▶ [REQUIRED WORK]: Only some lines are wanted. Transcribe, exactly, the lines below from the line with "今日の夕飯 夏麺グランプリ18 ヤマサ醤油株式会社" up to and including the line with "B550 Aorus elite AX V2 NEW".

▶ [MATERIAL SHOWN]:

▼

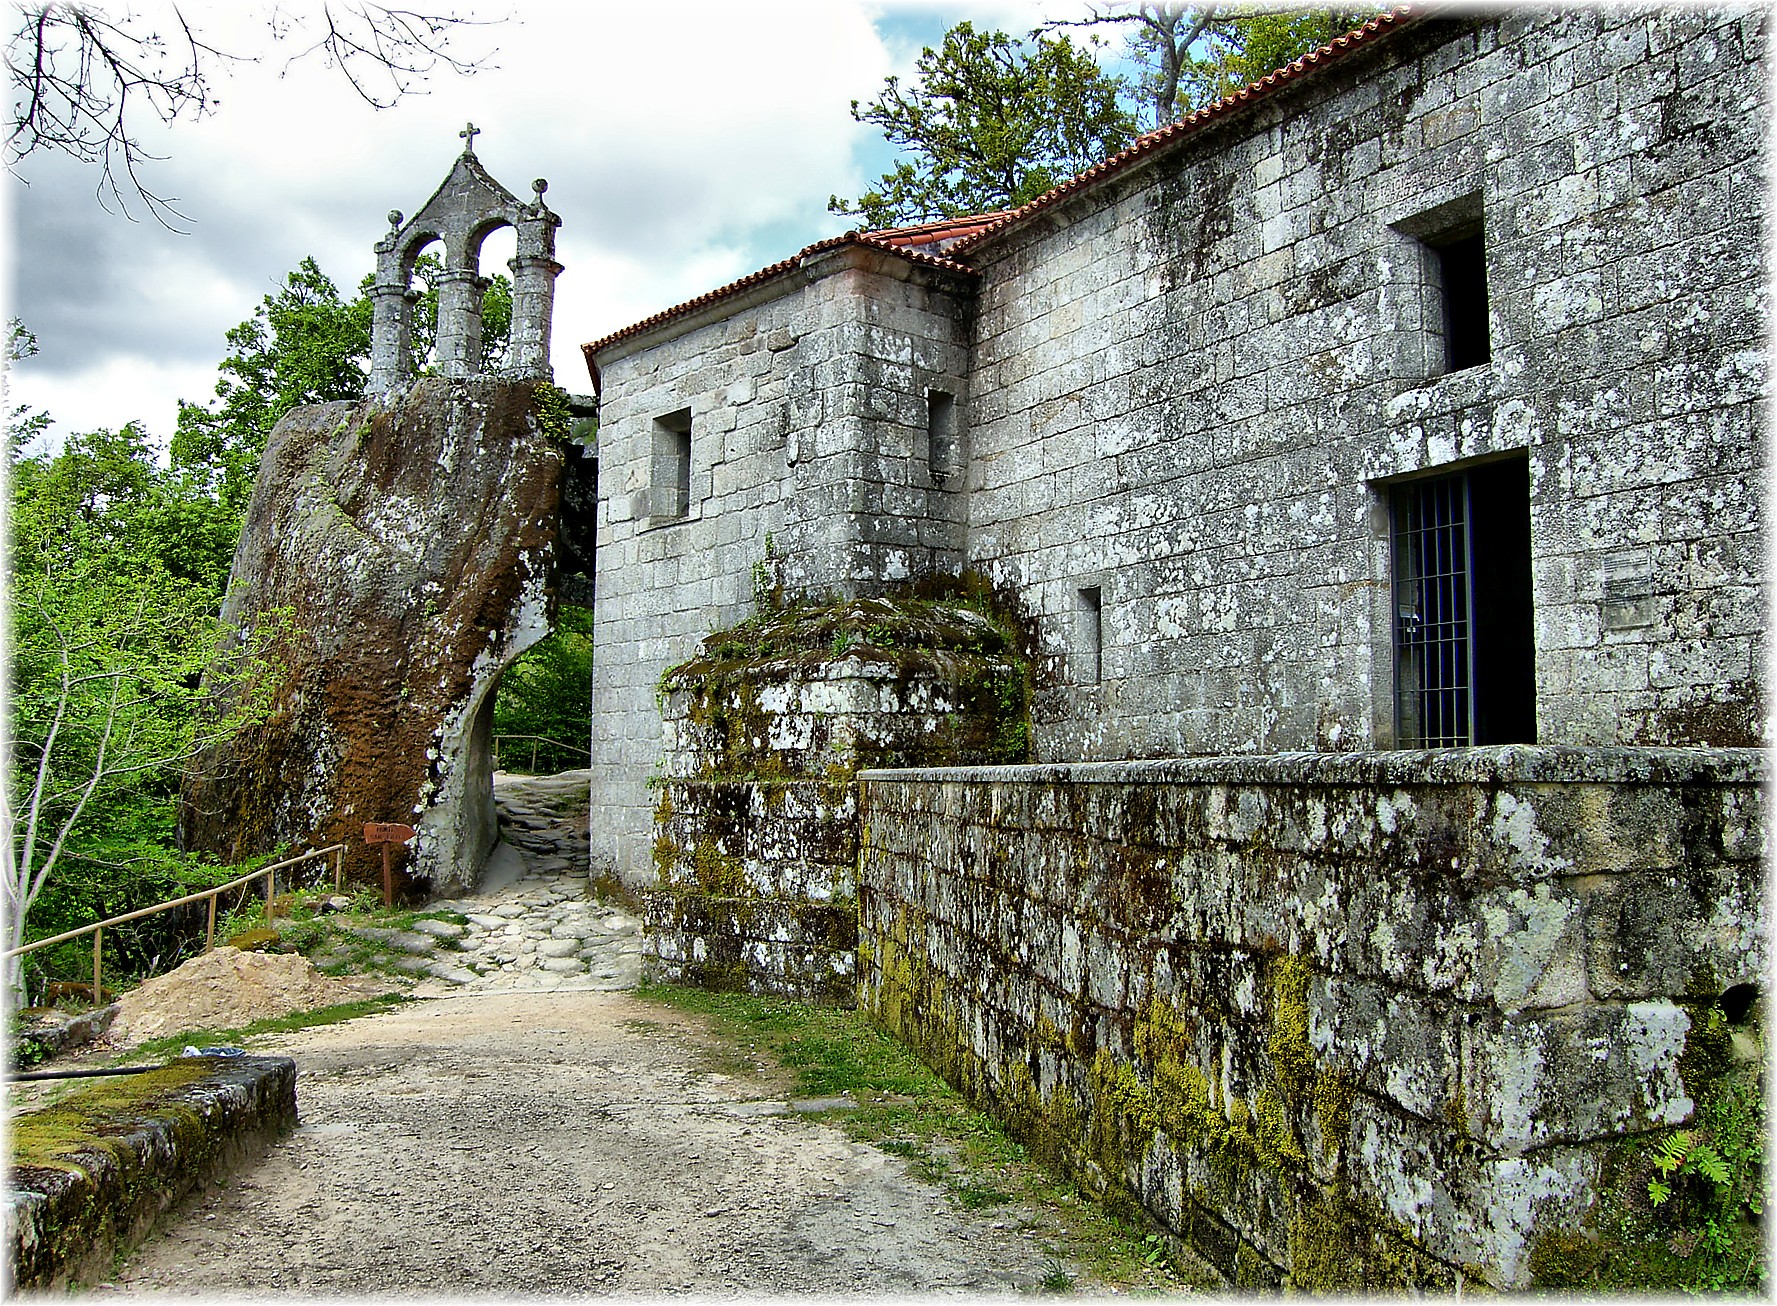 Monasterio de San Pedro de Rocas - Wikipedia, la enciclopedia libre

▲
▼

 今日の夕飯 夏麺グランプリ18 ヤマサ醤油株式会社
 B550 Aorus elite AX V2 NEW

▲

▶ [SOLUTION BELOW]:
 今日の夕飯 夏麺グランプリ18 ヤマサ醤油株式会社
 B550 Aorus elite AX V2 NEW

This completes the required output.